1 Polarizer 2 Transparent Substrate (First Transparent Substrate)
3 Transparent substrate (second transparent substrate)
4 Adhesive (first adhesive)
5 Adhesive (second adhesive)
6 Sealant 7 Protective film 20 High pressure mercury lamp 21 UV / IR cut filter 22 Fly eye lens 23 Polarizing beam splitter array 24 Dichroic mirror 25 Lens 26 Sample holder 27 White light 28 Red, green light 29 Blue light 71 Base film 72 Adhesive layer 73 Reinforcing film

Claims (7)

It is a method for producing a polarizing plate in which a transparent substrate is directly bonded to both surfaces of a polarizer with an adhesive,
A first transparent substrate is bonded to one surface of the polarizer with a first adhesive, and then heated under pressure, and then a second transparent substrate is bonded to the other surface of the polarizer with a second adhesive.
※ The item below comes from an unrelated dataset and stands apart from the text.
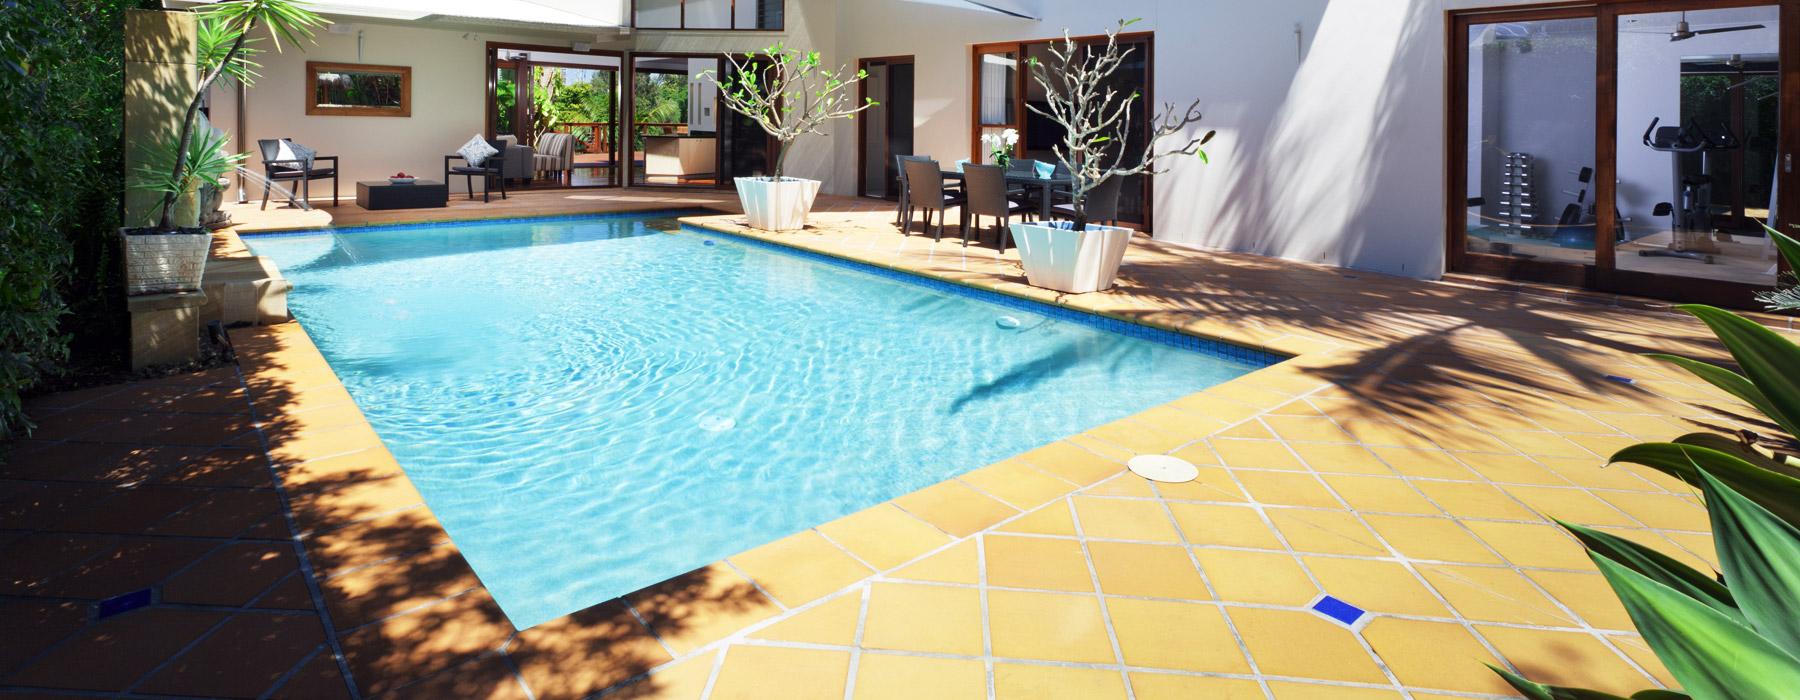 Piscine interrate prezzi offerte tutto incluso - Prezzo piscina interrata ...
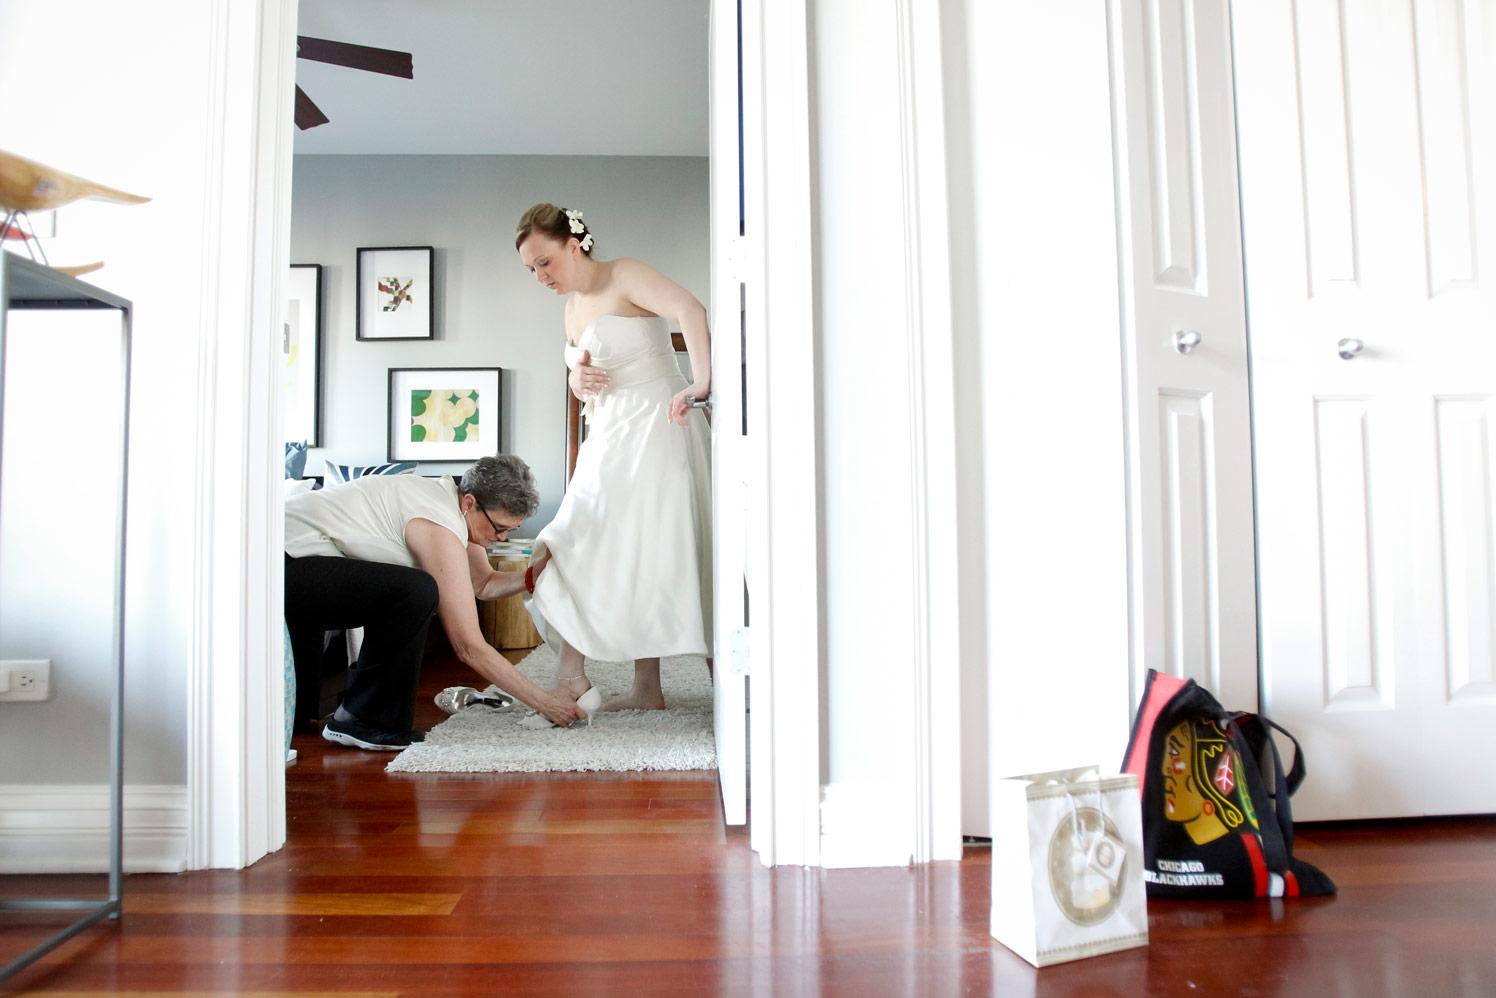 revolution-brewing-chicago-blackhawks-wedding-ruthie-hauge-photography-11.jpg

A method for producing a polarizing plate, comprising: It is a method for producing a polarizing plate in which a transparent substrate is directly bonded to both surfaces of a polarizer with an adhesive,
After a protective film having a peelable adhesive layer formed on one side of the base film is bonded to one side of the polarizer by the adhesive layer, the first side is coated with the first adhesive on the other side of the polarizer. A transparent substrate is bonded, then heated under pressure, then the protective film is peeled off from the polarizer, and a second adhesive is applied to the surface of the polarizer from which the protective film has been peeled off by a second adhesive. The manufacturing method of the polarizing plate characterized by bonding. It is a method for producing a polarizing plate in which a transparent substrate is directly bonded to both surfaces of a polarizer with an adhesive,
After a protective film having a peelable adhesive layer formed on one side of the base film is bonded to one side of the polarizer by the adhesive layer, the first side is coated with the first adhesive on the other side of the polarizer. A transparent substrate is bonded, then heated under pressure, then heated under normal pressure, then the protective film is peeled off from the polarizer, and the second adhesive is bonded to the surface of the polarizer from which the protective film has been peeled off. The manufacturing method of the polarizing plate characterized by bonding a 2nd transparent substrate with an agent.   After the first transparent substrate and the second transparent substrate are bonded to both surfaces of the polarizer by the first adhesive and the second adhesive, the polarizer is not covered with the first transparent substrate and the second transparent substrate. The manufacturing method in any one of Claims 1-3 which apply | coat a sealing agent to a part.   The manufacturing method according to any one of claims 1 to 4, wherein the pressure at the time of heating under pressure is 4 atm or more and the temperature is 40 ° C or more.   The manufacturing method according to any one of claims 1 to 5, wherein the polarizer is obtained by adsorbing a dichroic dye on a polyvinyl alcohol-based resin film.   The manufacturing method according to claim 1, wherein the first adhesive is a pressure-sensitive adhesive.